Benedict XVI: Maybe it's important to say, first of all, that there are marked differences within the Evangelical Church. If I'm not mistaken, in Germany we have three important communities: Lutherans, Reformed, and Prussian Union.
There are also several free churches [Freikirchen] and within the traditional Churches there are movements like the "confessional Church," and so on. It's a collection of many voices, therefore, with which we have to enter in dialogue searching for unity while respecting the multiplicity of the voices with which we want to collaborate.
I believe that the first thing we need to do is to concern ourselves with clarifying, establishing and putting into practice important ethical directives in society, thus guaranteeing a social ethical consistency without which society cannot fulfill its political ends, namely, justice for all, living together in a positive way, and peace.
In this sense, I think a lot is already achieved, that we already agree on the common Christian basics before the great moral challenges.
Of course, then we have to witness to God in a world that has problems finding him, as we said, and to make God visible in the human face of Jesus Christ, to offer people access to the source without which our morale becomes sterile and loses its point of reference, to give joy as well because we are not alone in this world.
Only in this way joy is born before the greatness of humanity: Humanity is not an evolutionary product that turned out badly. We are the image of God. We have to move on these two levels, so to speak: The level of important ethical points of reference and the level that manifests the presence of God, a concrete God, starting from within and working toward them.
If we do this and, especially, if in all our single communities we try not to live the faith in a specific fashion but always start from its deepest basics, then maybe we still won't reach external manifestations of unity quickly, but we will mature toward an interior unity that, God willing, one day will bring with it an exterior form of unity too.
Q: The issue of the family. A month ago you were in Valencia for the World Meeting of Families. Anyone who was listening carefully, as we tried to do at Vatican Radio, noticed how you never mentioned the words "homosexual marriage," you never spoke about abortion, or about contraception. Careful observers thought that was very interesting. Clearly your idea is to go around the world preaching the faith rather than as an "apostle of morality." What are your comments?

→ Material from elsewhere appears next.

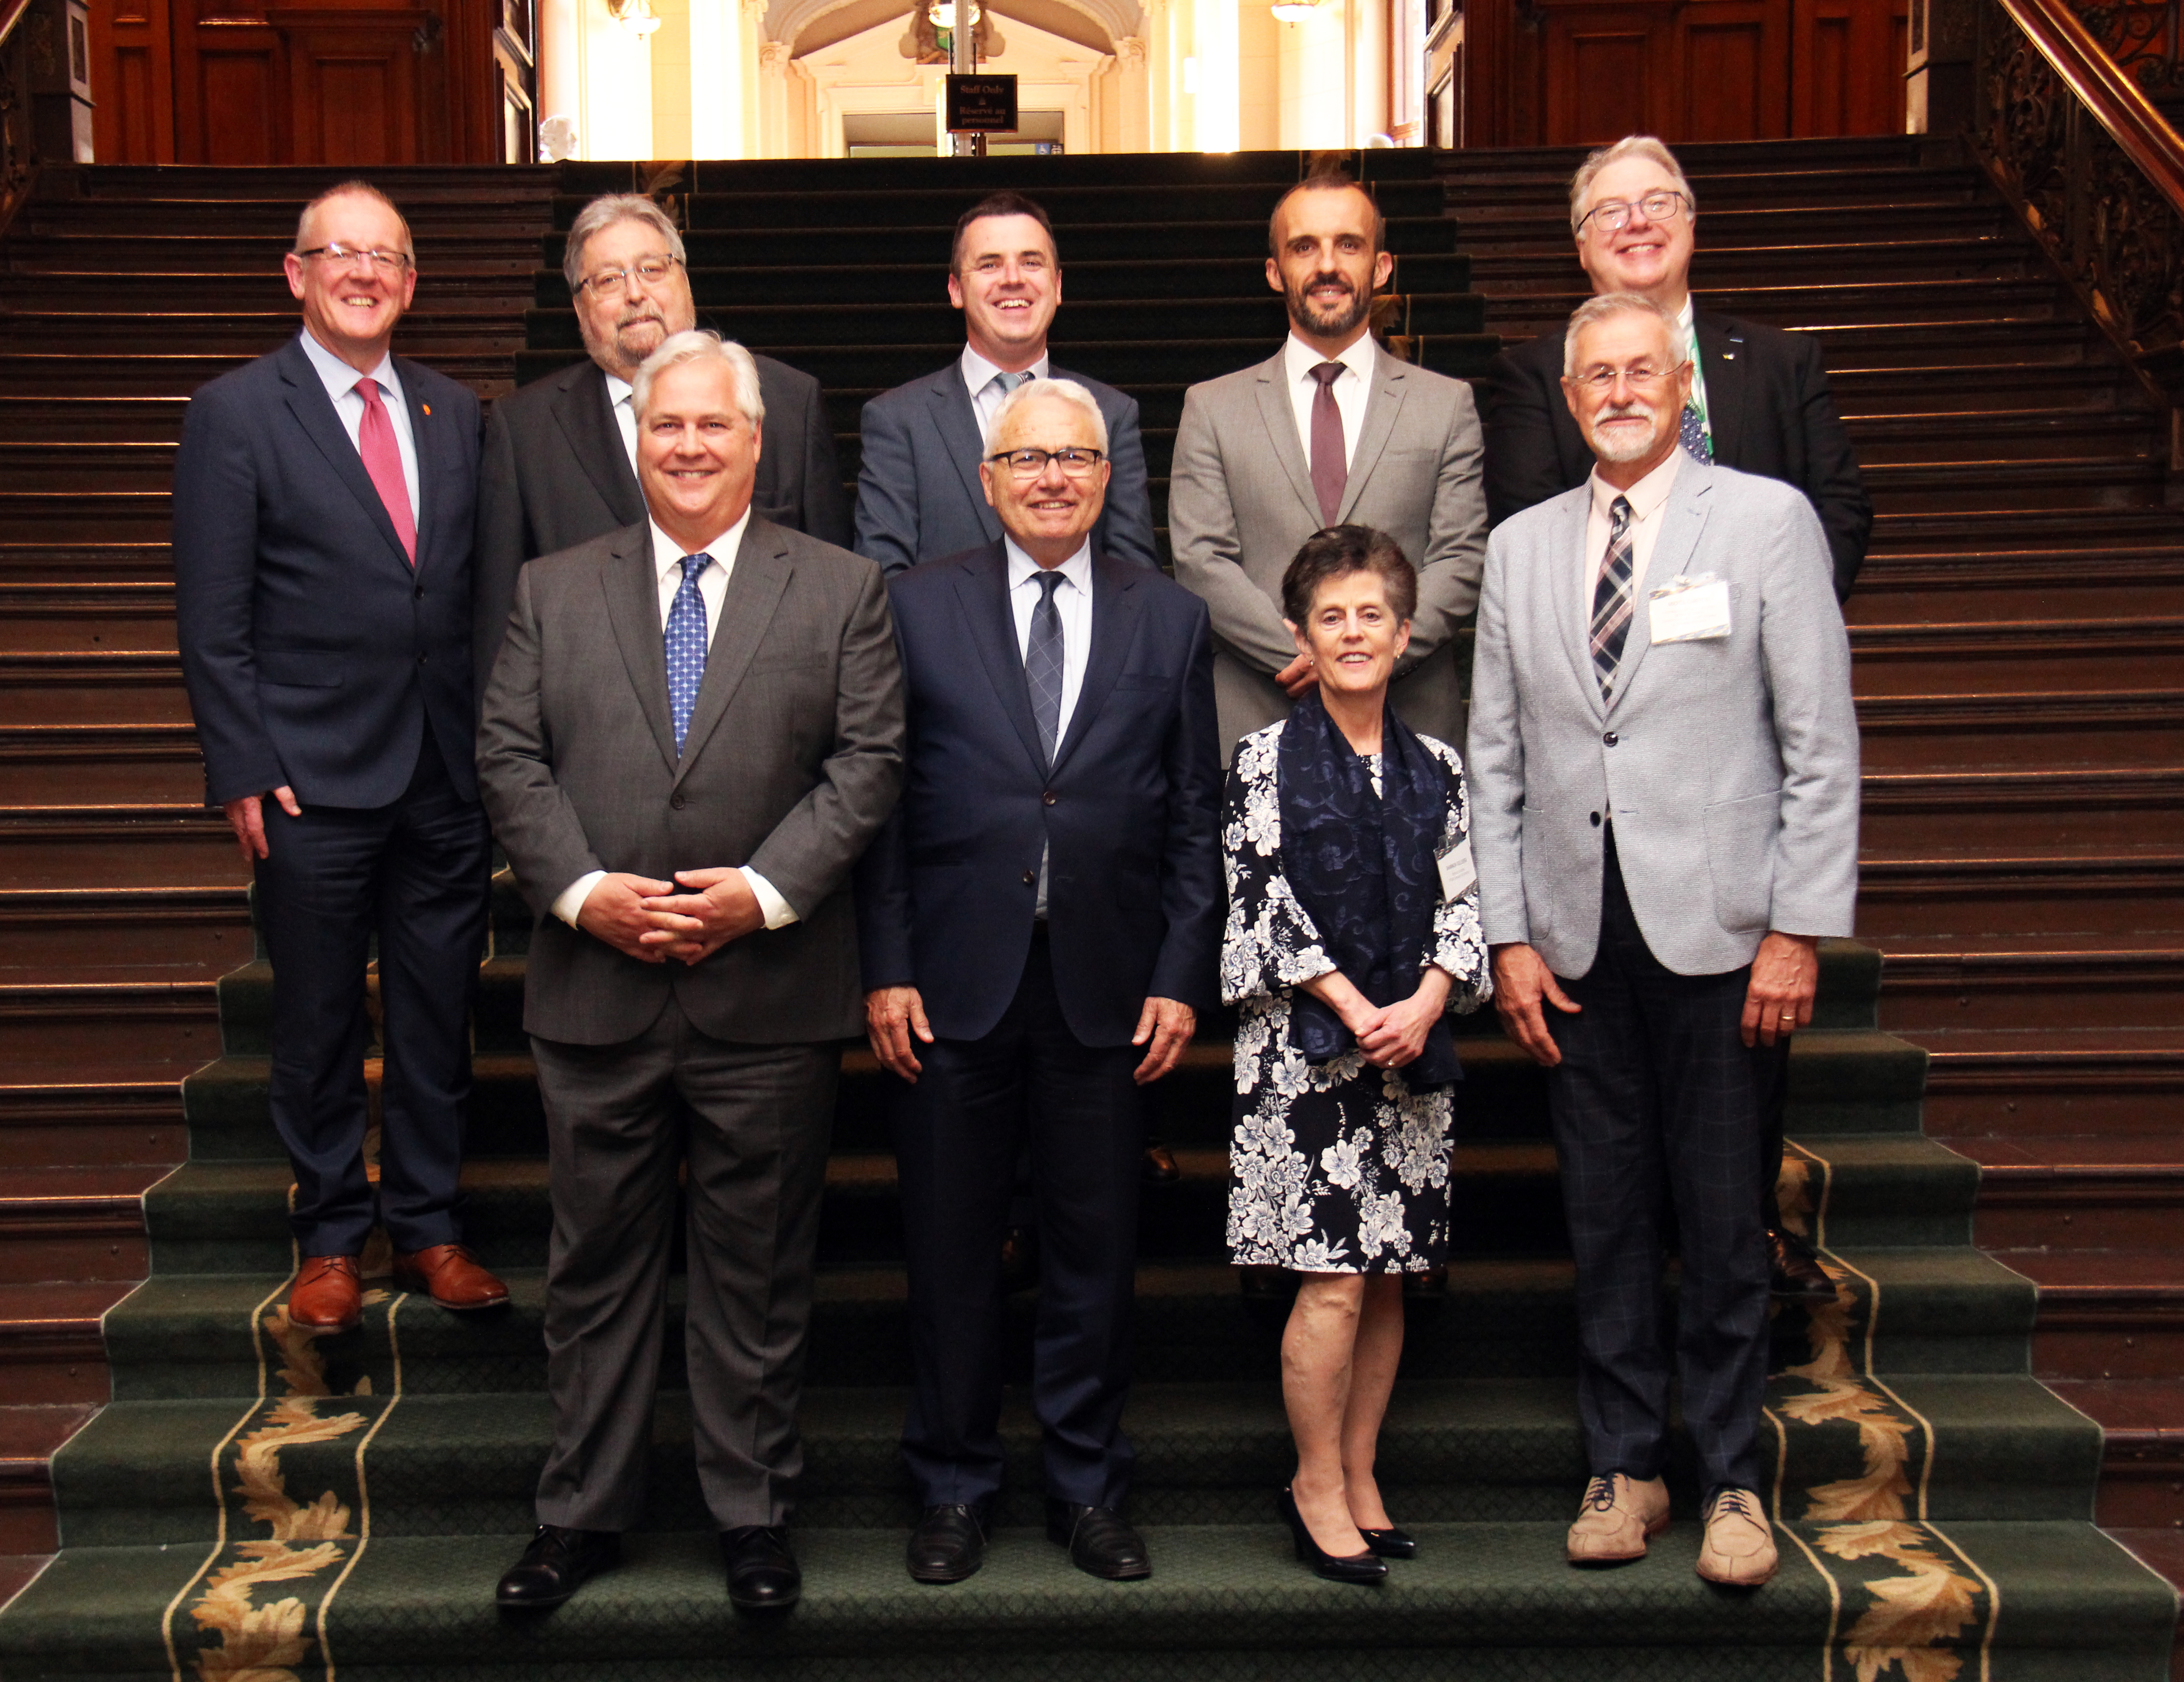 Ombudsman Paul Dubé and fellow members of the International Association of Language Commissioners, at Queen's Park.

Benedict XVI: Obviously, yes. Actually I should say I had only two opportunities to speak for 20 minutes. And when you have so little time you can't say everything you want to say about "no."
Firstly you have to know what we really want, right? Christianity, Catholicism, isn't a collection of prohibitions: It's a positive option. It's very important that we look at it again because this idea has almost completely disappeared today.
We've heard so much about what is not allowed that now it's time to say: We have a positive idea to offer, that man and woman are made for each other, that the scale of sexuality, eros, agape, indicates the level of love and it's in this way that marriage develops, first of all, as a joyful and blessing-filled encounter between a man and a woman, and then the family, that guarantees continuity among generations and through which generations are reconciled to each other and even cultures can meet. So first, it's important to stress what we want.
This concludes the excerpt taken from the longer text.